* _DATA_

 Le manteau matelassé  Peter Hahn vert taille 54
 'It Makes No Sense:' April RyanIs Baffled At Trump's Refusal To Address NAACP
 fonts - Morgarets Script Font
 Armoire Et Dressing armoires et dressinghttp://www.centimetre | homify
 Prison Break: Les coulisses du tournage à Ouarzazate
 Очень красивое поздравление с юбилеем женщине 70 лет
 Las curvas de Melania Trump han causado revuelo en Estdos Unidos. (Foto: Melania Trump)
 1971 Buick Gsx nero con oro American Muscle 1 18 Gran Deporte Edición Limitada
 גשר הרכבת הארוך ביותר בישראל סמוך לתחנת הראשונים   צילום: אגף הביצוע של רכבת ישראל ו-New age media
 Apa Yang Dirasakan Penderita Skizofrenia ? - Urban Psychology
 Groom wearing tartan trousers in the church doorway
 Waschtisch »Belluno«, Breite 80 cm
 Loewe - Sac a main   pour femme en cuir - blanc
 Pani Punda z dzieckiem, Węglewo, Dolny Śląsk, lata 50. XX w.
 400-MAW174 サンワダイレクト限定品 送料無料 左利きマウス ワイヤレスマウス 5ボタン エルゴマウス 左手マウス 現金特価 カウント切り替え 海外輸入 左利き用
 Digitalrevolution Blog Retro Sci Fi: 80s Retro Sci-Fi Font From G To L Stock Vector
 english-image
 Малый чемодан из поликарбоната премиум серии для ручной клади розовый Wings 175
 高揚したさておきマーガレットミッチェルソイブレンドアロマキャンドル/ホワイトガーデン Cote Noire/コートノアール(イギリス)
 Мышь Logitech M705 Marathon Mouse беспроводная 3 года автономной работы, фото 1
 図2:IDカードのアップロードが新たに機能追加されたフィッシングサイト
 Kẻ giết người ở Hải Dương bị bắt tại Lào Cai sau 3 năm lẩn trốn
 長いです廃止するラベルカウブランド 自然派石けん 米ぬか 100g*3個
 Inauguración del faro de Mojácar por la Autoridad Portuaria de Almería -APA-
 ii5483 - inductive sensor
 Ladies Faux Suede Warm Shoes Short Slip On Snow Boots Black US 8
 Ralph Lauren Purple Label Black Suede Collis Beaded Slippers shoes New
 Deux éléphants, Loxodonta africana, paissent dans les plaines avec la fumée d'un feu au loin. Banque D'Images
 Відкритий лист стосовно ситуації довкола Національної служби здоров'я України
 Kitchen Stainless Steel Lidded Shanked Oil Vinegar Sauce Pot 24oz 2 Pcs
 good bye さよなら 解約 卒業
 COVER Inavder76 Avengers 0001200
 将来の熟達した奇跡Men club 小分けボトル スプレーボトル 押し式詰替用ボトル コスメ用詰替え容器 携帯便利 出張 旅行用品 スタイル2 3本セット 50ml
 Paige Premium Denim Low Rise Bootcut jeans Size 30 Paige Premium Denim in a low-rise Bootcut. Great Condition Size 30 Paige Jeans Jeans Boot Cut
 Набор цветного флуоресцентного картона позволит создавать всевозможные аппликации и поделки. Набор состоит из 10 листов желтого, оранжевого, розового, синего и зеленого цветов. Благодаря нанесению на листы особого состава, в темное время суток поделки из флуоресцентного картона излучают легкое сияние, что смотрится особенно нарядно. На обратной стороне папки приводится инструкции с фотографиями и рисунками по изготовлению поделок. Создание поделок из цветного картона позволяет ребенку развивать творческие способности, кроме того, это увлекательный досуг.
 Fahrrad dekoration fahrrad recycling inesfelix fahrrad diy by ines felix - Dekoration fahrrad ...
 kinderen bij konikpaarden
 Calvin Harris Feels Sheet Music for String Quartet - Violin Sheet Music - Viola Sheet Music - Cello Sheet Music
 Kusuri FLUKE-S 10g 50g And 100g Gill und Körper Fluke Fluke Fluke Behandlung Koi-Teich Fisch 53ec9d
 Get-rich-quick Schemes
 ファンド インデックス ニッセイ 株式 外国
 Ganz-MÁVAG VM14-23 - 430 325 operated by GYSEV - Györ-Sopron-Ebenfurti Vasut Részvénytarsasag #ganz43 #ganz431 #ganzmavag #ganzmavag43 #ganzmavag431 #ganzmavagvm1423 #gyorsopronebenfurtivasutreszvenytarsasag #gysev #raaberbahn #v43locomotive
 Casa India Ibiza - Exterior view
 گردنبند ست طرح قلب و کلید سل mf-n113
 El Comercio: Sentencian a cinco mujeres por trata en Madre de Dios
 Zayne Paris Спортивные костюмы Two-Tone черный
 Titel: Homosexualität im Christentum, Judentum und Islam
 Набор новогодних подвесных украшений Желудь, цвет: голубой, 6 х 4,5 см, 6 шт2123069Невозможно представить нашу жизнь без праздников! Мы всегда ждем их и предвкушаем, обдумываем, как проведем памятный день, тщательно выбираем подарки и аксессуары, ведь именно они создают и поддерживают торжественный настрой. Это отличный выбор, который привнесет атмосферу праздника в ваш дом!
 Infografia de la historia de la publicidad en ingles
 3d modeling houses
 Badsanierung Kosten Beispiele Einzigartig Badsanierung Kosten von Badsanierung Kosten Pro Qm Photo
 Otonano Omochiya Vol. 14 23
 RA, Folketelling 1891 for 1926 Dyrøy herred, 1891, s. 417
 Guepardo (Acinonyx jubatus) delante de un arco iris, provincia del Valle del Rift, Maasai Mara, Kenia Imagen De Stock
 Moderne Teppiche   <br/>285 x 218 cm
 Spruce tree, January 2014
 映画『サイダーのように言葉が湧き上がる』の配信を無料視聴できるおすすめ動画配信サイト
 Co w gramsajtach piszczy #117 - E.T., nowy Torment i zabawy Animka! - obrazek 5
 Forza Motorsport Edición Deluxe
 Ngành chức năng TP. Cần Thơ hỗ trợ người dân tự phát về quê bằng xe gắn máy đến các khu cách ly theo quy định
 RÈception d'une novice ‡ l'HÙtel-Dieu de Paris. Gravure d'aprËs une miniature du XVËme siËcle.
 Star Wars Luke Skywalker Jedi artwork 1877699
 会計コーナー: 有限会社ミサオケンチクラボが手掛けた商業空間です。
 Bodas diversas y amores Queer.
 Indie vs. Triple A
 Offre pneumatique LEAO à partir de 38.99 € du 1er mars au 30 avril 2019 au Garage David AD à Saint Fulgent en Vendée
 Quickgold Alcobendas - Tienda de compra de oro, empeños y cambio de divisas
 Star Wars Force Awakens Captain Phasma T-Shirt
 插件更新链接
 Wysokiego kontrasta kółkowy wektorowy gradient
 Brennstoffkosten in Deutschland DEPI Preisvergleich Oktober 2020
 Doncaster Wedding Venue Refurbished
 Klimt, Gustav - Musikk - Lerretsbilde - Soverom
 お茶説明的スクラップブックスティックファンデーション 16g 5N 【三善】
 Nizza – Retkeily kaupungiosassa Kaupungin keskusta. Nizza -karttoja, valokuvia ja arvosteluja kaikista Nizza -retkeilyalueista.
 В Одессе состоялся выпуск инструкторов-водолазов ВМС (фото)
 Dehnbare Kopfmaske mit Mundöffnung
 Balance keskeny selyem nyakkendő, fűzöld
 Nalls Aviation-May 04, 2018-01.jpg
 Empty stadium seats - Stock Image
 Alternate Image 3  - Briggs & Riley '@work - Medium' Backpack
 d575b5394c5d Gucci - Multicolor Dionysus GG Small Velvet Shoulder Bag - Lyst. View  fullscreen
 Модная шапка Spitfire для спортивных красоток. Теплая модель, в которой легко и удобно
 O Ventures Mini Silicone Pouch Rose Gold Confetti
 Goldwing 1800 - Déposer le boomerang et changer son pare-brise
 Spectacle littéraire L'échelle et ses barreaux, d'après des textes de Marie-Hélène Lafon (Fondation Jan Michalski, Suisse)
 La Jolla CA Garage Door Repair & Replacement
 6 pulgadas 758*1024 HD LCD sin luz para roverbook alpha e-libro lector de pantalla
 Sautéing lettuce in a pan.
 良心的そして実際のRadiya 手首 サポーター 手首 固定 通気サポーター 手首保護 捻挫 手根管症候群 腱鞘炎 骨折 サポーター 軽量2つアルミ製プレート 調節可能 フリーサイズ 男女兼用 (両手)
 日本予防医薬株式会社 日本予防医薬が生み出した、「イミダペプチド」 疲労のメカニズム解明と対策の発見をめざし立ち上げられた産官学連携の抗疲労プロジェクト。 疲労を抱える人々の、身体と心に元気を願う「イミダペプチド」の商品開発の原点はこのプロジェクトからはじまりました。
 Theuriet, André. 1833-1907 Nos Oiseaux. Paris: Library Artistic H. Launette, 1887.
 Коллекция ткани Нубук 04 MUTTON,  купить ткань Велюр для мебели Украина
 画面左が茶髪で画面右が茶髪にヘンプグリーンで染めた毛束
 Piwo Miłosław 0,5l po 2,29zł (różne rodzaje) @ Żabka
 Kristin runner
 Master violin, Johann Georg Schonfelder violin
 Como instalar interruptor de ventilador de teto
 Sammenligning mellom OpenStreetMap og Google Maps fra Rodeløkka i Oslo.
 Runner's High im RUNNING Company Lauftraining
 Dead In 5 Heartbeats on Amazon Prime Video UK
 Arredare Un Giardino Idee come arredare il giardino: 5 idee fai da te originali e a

* _EXERCISE INSTRUCTIONS_
The reply should consist solely of the lines above from the one that has "Calvin Harris Feels" through the one that has "映画『サイダーのように言葉が", reproduced exactly.

* _RESPONSE TO THE EXERCISE_
 Calvin Harris Feels Sheet Music for String Quartet - Violin Sheet Music - Viola Sheet Music - Cello Sheet Music
 Kusuri FLUKE-S 10g 50g And 100g Gill und Körper Fluke Fluke Fluke Behandlung Koi-Teich Fisch 53ec9d
 Get-rich-quick Schemes
 ファンド インデックス ニッセイ 株式 外国
 Ganz-MÁVAG VM14-23 - 430 325 operated by GYSEV - Györ-Sopron-Ebenfurti Vasut Részvénytarsasag #ganz43 #ganz431 #ganzmavag #ganzmavag43 #ganzmavag431 #ganzmavagvm1423 #gyorsopronebenfurtivasutreszvenytarsasag #gysev #raaberbahn #v43locomotive
 Casa India Ibiza - Exterior view
 گردنبند ست طرح قلب و کلید سل mf-n113
 El Comercio: Sentencian a cinco mujeres por trata en Madre de Dios
 Zayne Paris Спортивные костюмы Two-Tone черный
 Titel: Homosexualität im Christentum, Judentum und Islam
 Набор новогодних подвесных украшений Желудь, цвет: голубой, 6 х 4,5 см, 6 шт2123069Невозможно представить нашу жизнь без праздников! Мы всегда ждем их и предвкушаем, обдумываем, как проведем памятный день, тщательно выбираем подарки и аксессуары, ведь именно они создают и поддерживают торжественный настрой. Это отличный выбор, который привнесет атмосферу праздника в ваш дом!
 Infografia de la historia de la publicidad en ingles
 3d modeling houses
 Badsanierung Kosten Beispiele Einzigartig Badsanierung Kosten von Badsanierung Kosten Pro Qm Photo
 Otonano Omochiya Vol. 14 23
 RA, Folketelling 1891 for 1926 Dyrøy herred, 1891, s. 417
 Guepardo (Acinonyx jubatus) delante de un arco iris, provincia del Valle del Rift, Maasai Mara, Kenia Imagen De Stock
 Moderne Teppiche   <br/>285 x 218 cm
 Spruce tree, January 2014
 映画『サイダーのように言葉が湧き上がる』の配信を無料視聴できるおすすめ動画配信サイト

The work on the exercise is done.